• DESCRIPTION OF THE TASK: Reproduce the listing below as it stands. Leave out each image.
-------- DATA SHOWN
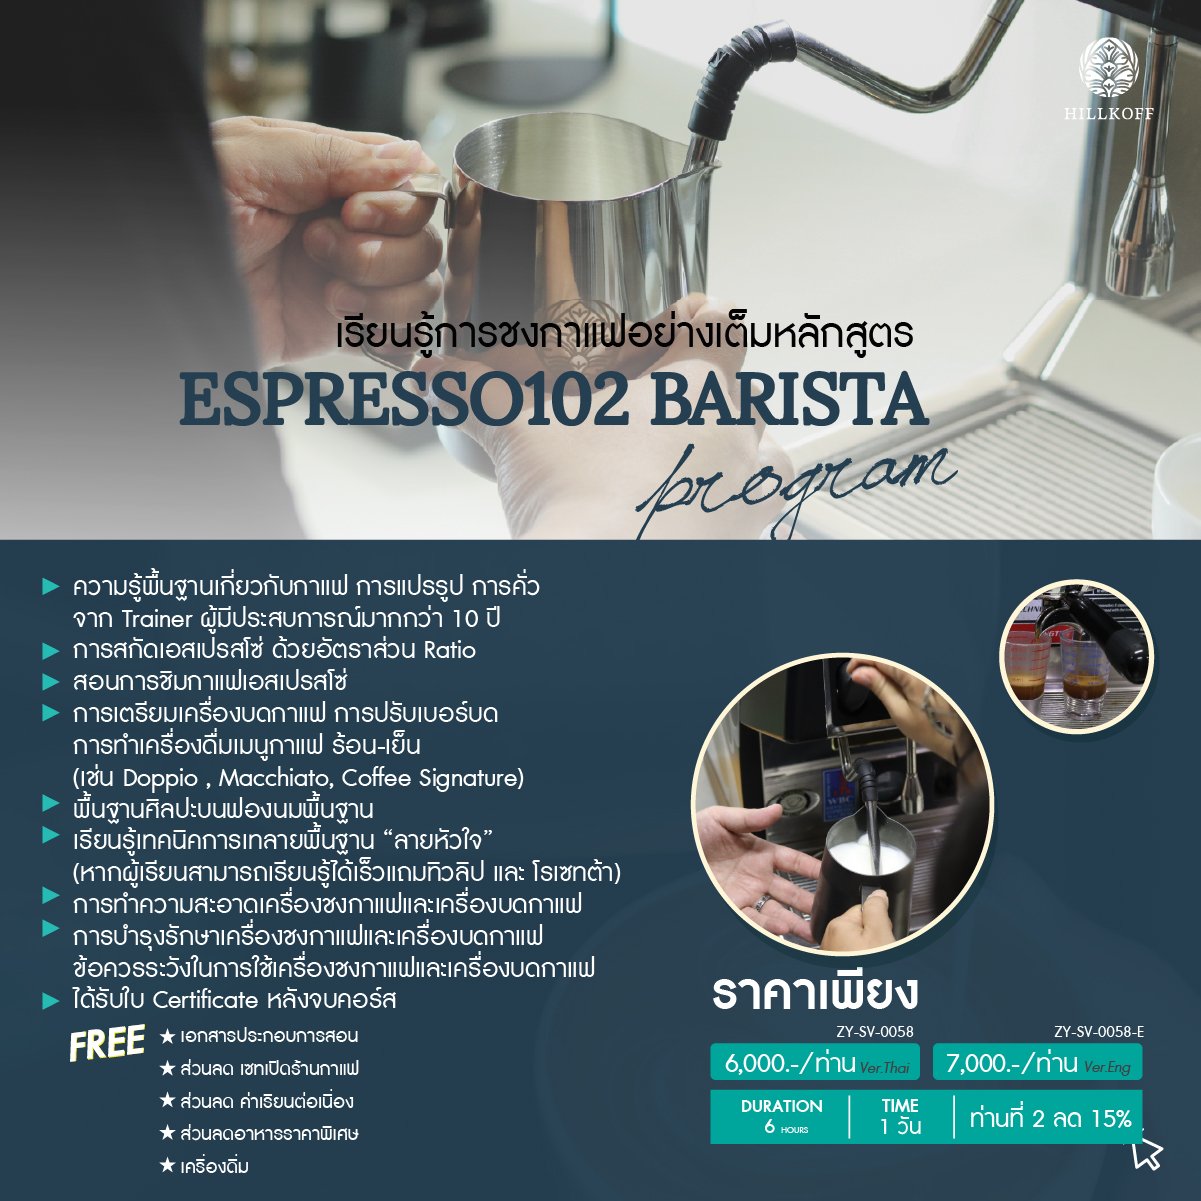 คอร์สเรียน การชงกาแฟอย่างเต็มหลักสูตร (ESPRESSO102) สถานที่: เชียงใหม่
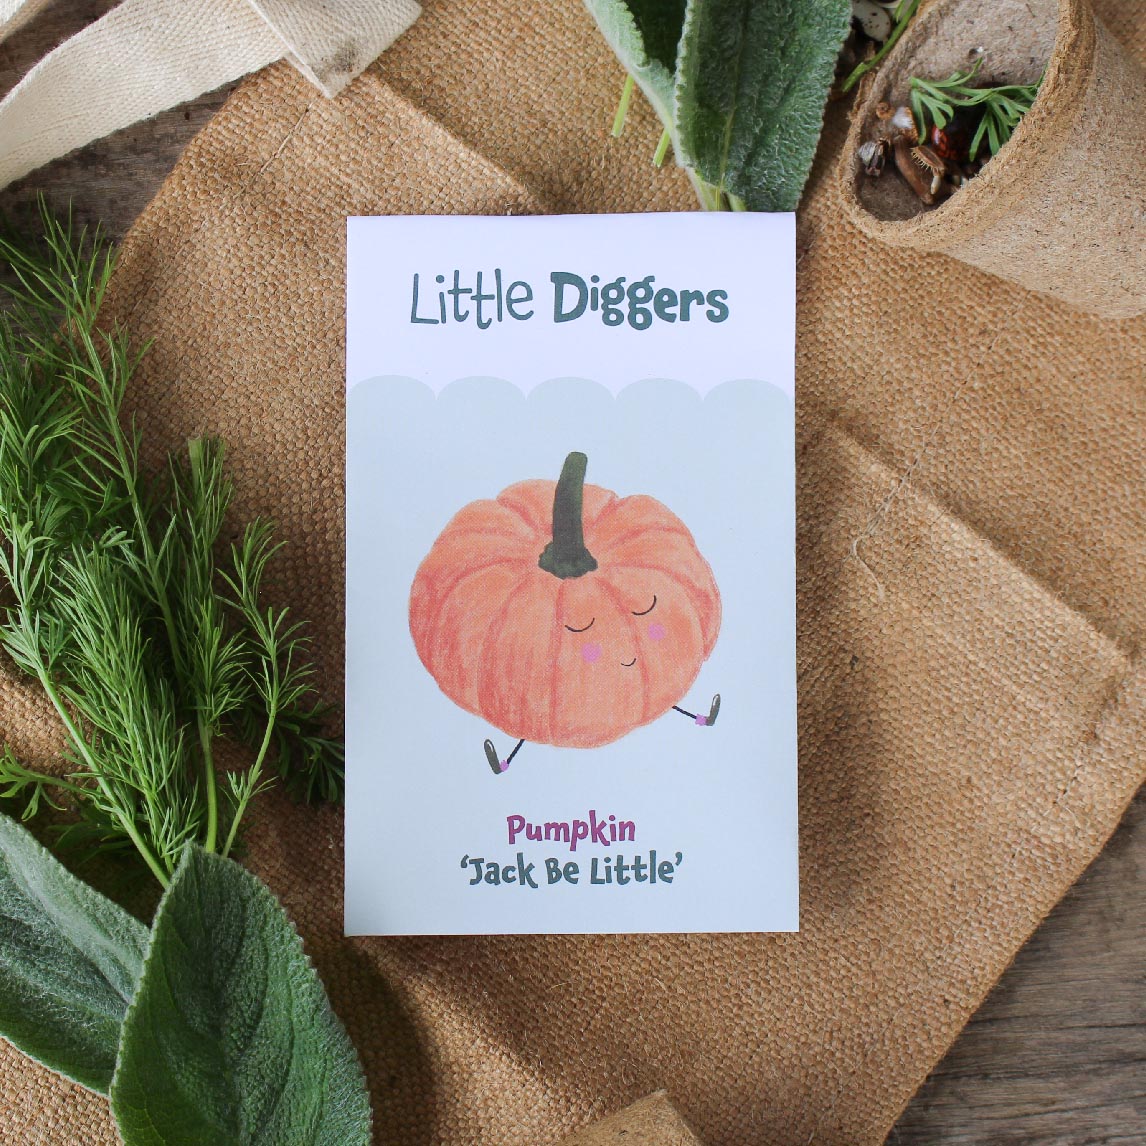 Little Diggers Pumpkin 'Jack Be Little'
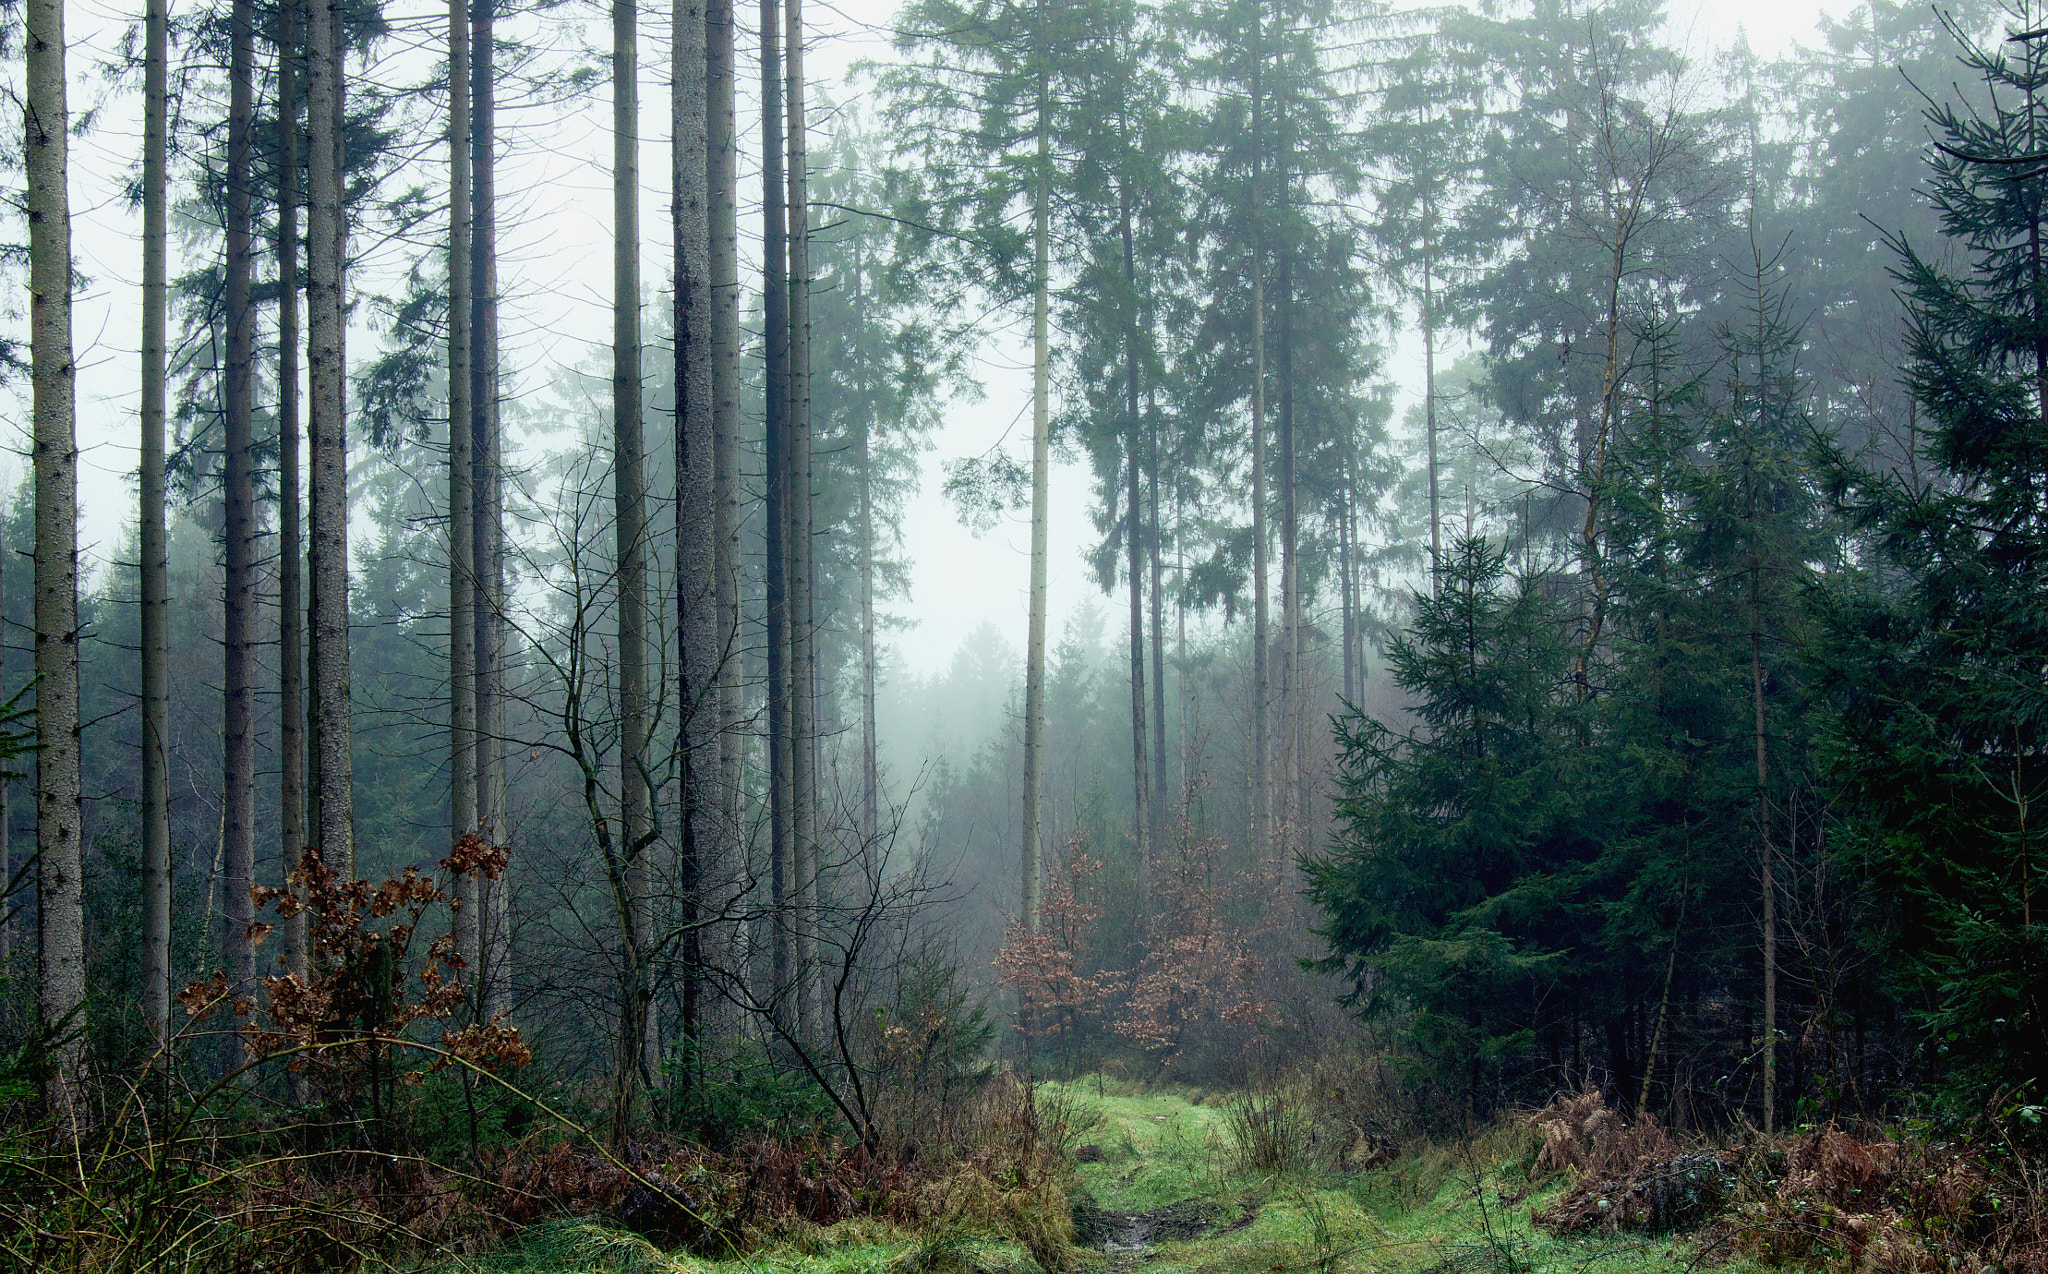 Sony Alpha DSLR-A580 sample photo. Foggy forest photography
----------------
• ANSWER SECTION:
 คอร์สเรียน การชงกาแฟอย่างเต็มหลักสูตร (ESPRESSO102) สถานที่: เชียงใหม่
 Little Diggers Pumpkin 'Jack Be Little'
 Sony Alpha DSLR-A580 sample photo. Foggy forest photography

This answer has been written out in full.